--- Source data ---

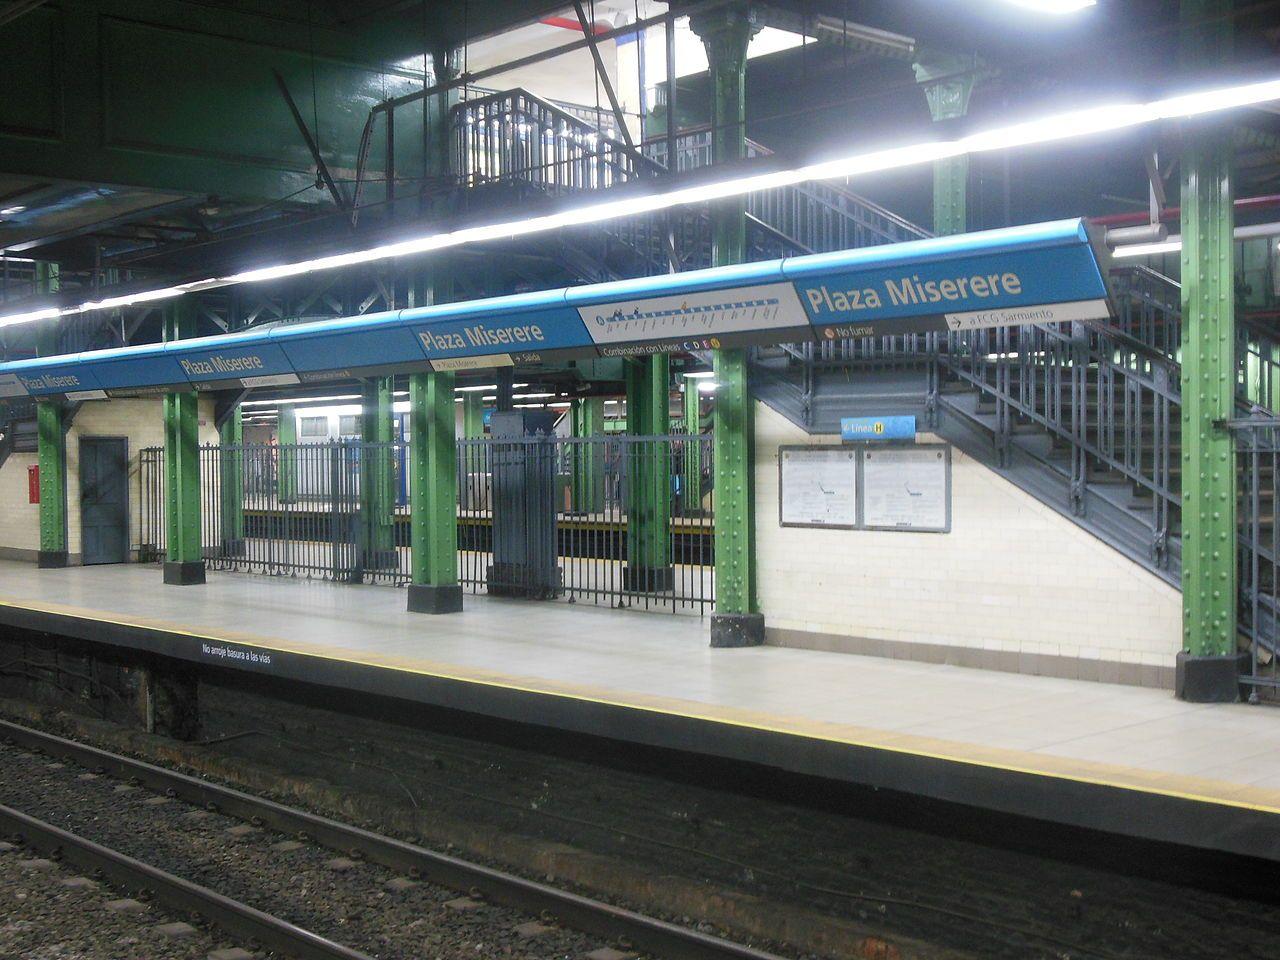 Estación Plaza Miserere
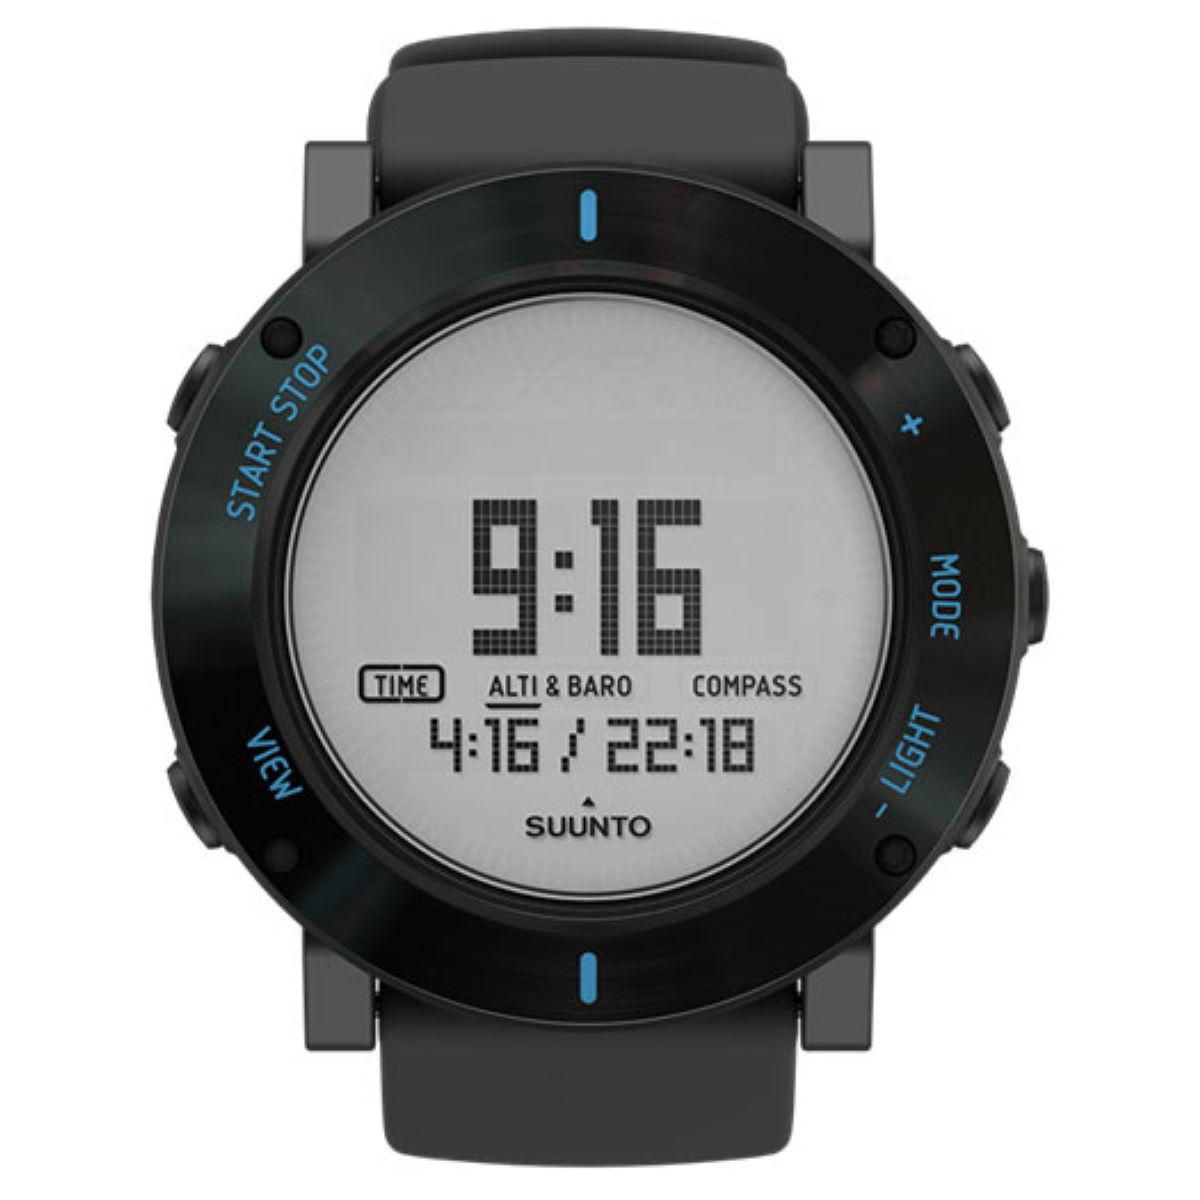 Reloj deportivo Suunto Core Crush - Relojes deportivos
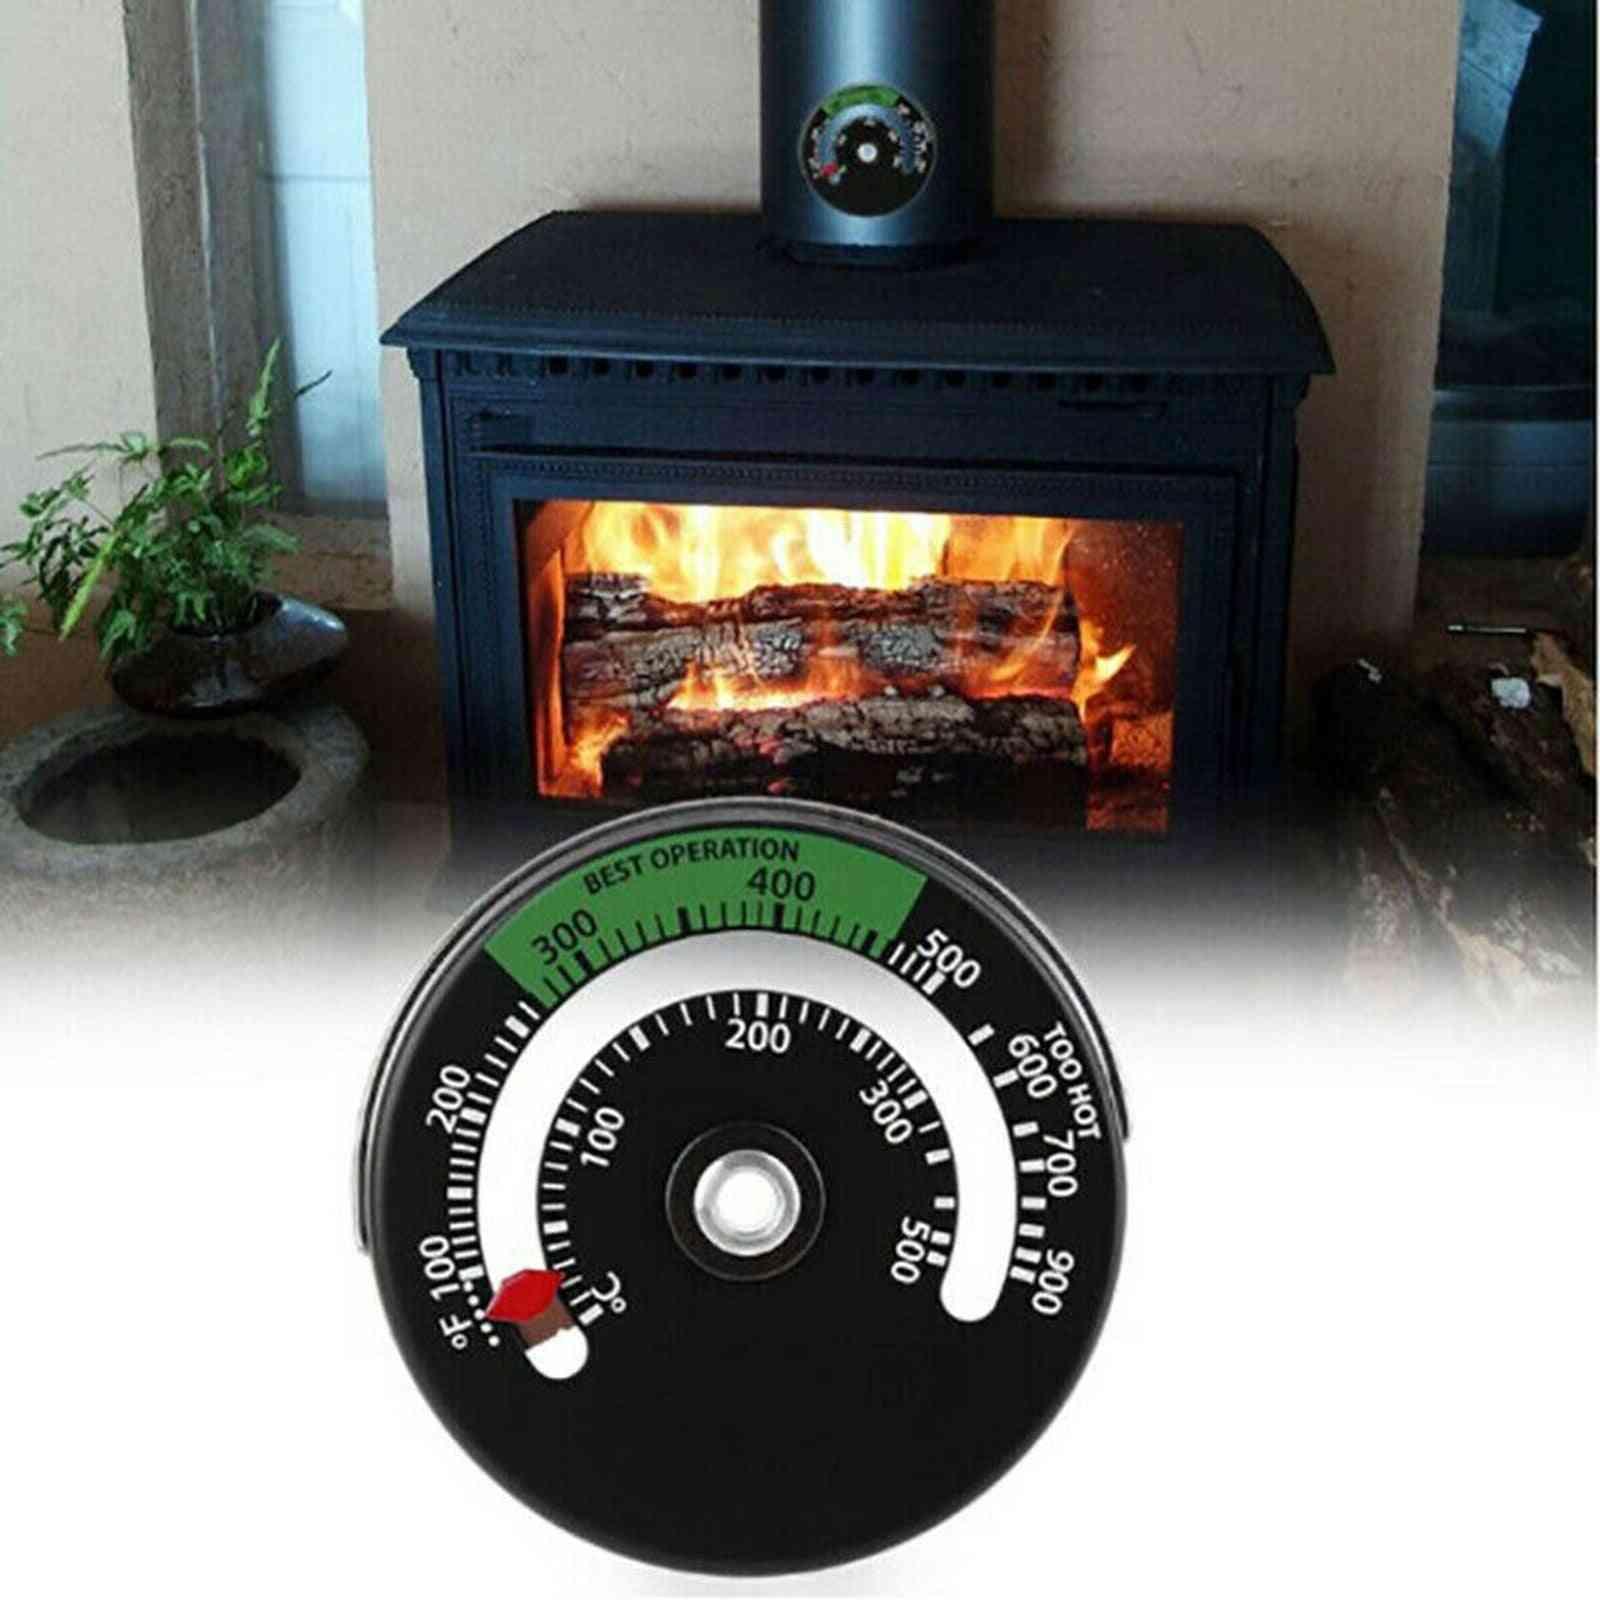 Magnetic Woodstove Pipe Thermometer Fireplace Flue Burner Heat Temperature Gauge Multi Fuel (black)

---

- [What you should do]
Skip every picture, and give the rest of the material above again exactly.

- [Task answer]
 Estación Plaza Miserere
 Reloj deportivo Suunto Core Crush - Relojes deportivos
 Magnetic Woodstove Pipe Thermometer Fireplace Flue Burner Heat Temperature Gauge Multi Fuel (black)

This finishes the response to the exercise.